[Form 4] Frontier Group Holdings, Inc. Insider Trading Activity
Steve Schuller, Senior Vice President of Human Resources at Frontier Group Holdings, Inc. (ticker ULCC), reported a sale of 10,000 shares of Common Stock on 09/02/2025 at a price of $6.00 per share. The Form 4 shows the transaction was effected pursuant to a Rule 10b5-1 trading plan adopted by the reporting person on May 19, 2024.
After the reported sale, the filing lists 64,330 shares beneficially owned by Mr. Schuller on a direct basis. The Form 4 was signed by an attorney-in-fact and filed on 09/04/2025.

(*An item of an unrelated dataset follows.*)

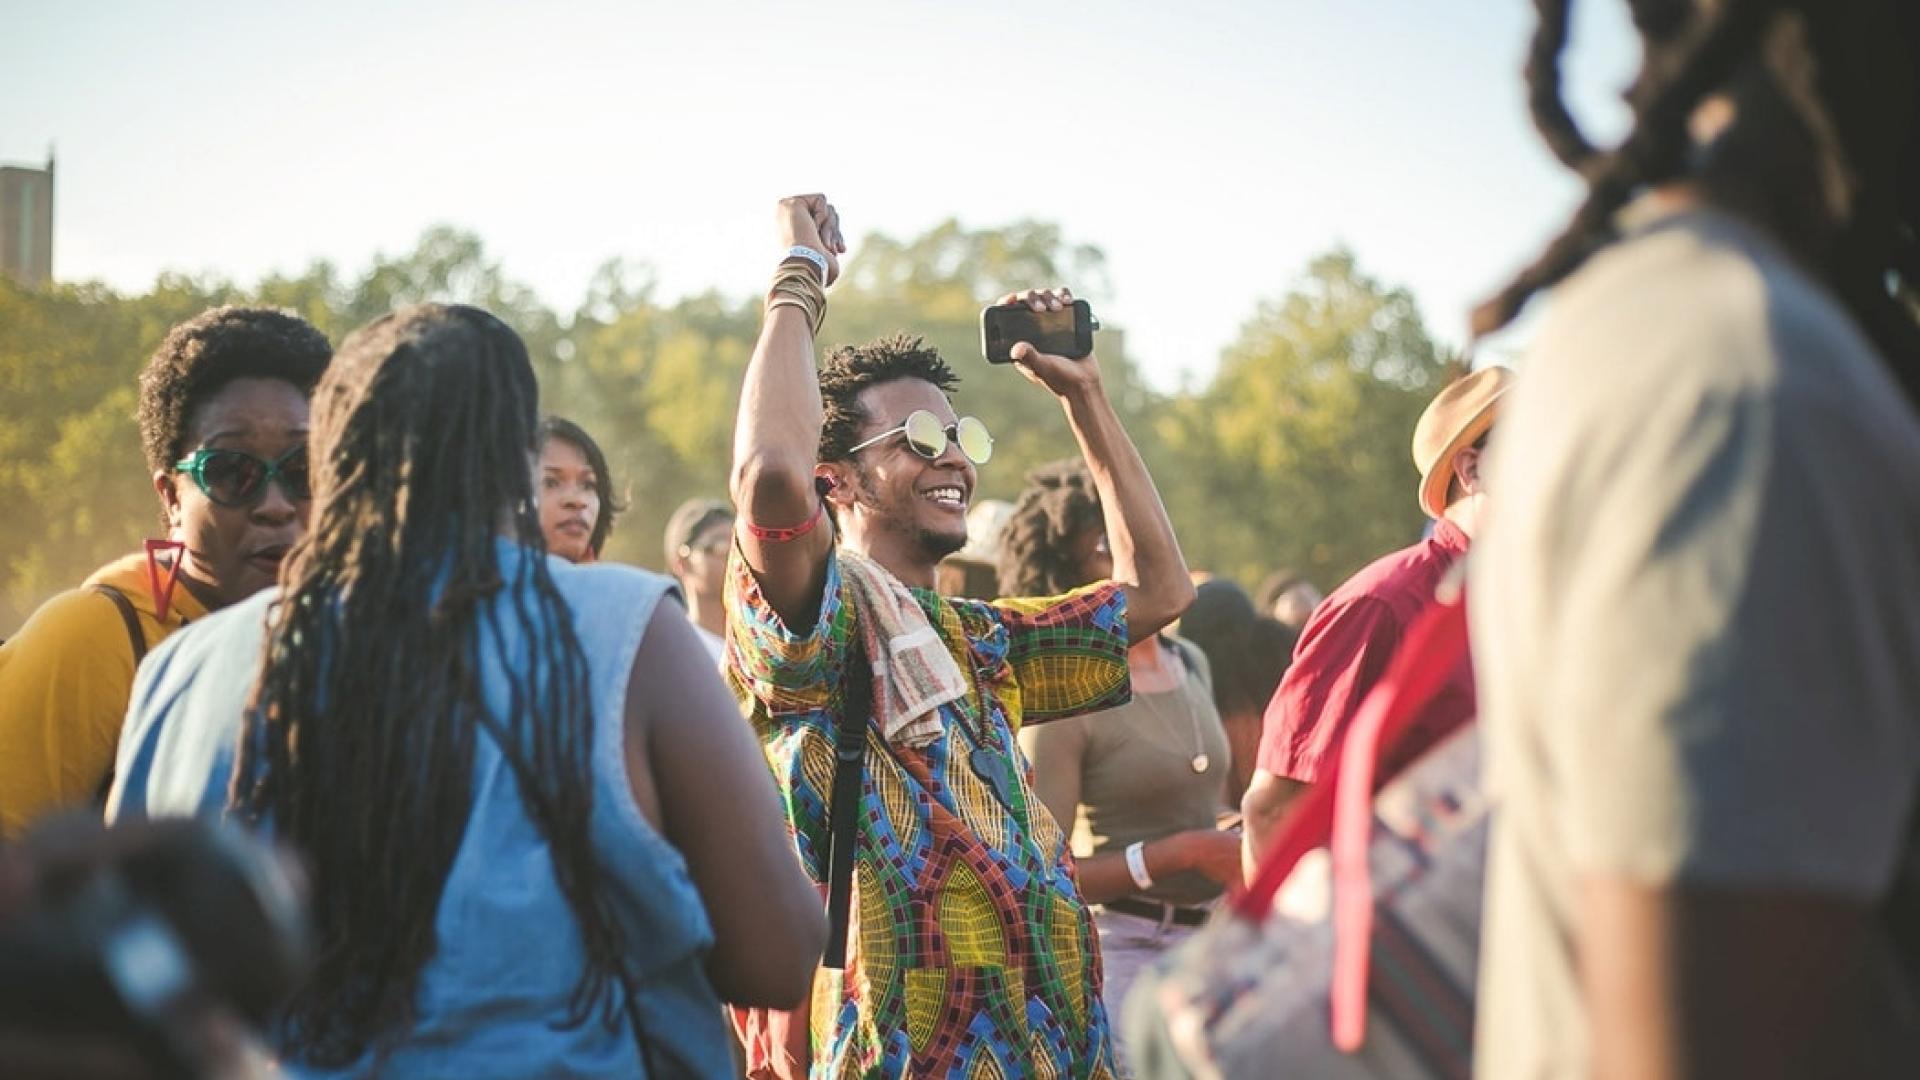 Keep up the tempo with these must-see summer music festivals

- Transaction disclosed promptly on Form 4 with required details including date, price, and post-transaction ownership
- Sale executed under a Rule 10b5-1 plan, which is stated in the filing and indicates a pre-established trading arrangement
- Reporting person retains 64,330 shares following the reported disposition
- Insider reduced direct holdings by 10,000 shares as a result of the reported sale
- Form 4 provides no explanation of purpose beyond the 10b5-1 plan notice, so the filing lacks context on reasons for liquidity
Insights
TL;DR: Sale appears to comply with Rule 10b5-1 plan requirements and was properly disclosed on Form 4.
The filing explicitly notes the trades were executed under a Rule 10b5-1 plan adopted May 19, 2024, which provides an affirmative defense to insider trading allegations when plans are pre-established and followed. The Form 4 discloses the number of shares sold, the per-share price, and the reporter's remaining direct beneficial ownership, satisfying Section 16 reporting elements. The filing is signed by an attorney-in-fact, which is an accepted practice when properly authorized.
TL;DR: Insider sale was disclosed with required details; transaction reduces the insider's direct stake but leaves a measurable holding.
The report shows a disposition of 10,000 shares at $6.00 and a post-transaction direct ownership of 64,330 shares. This disclosure gives investors transparent information about insider liquidity and ownership concentration at the officer level without additional context on intent or company impact, which the filing does not provide.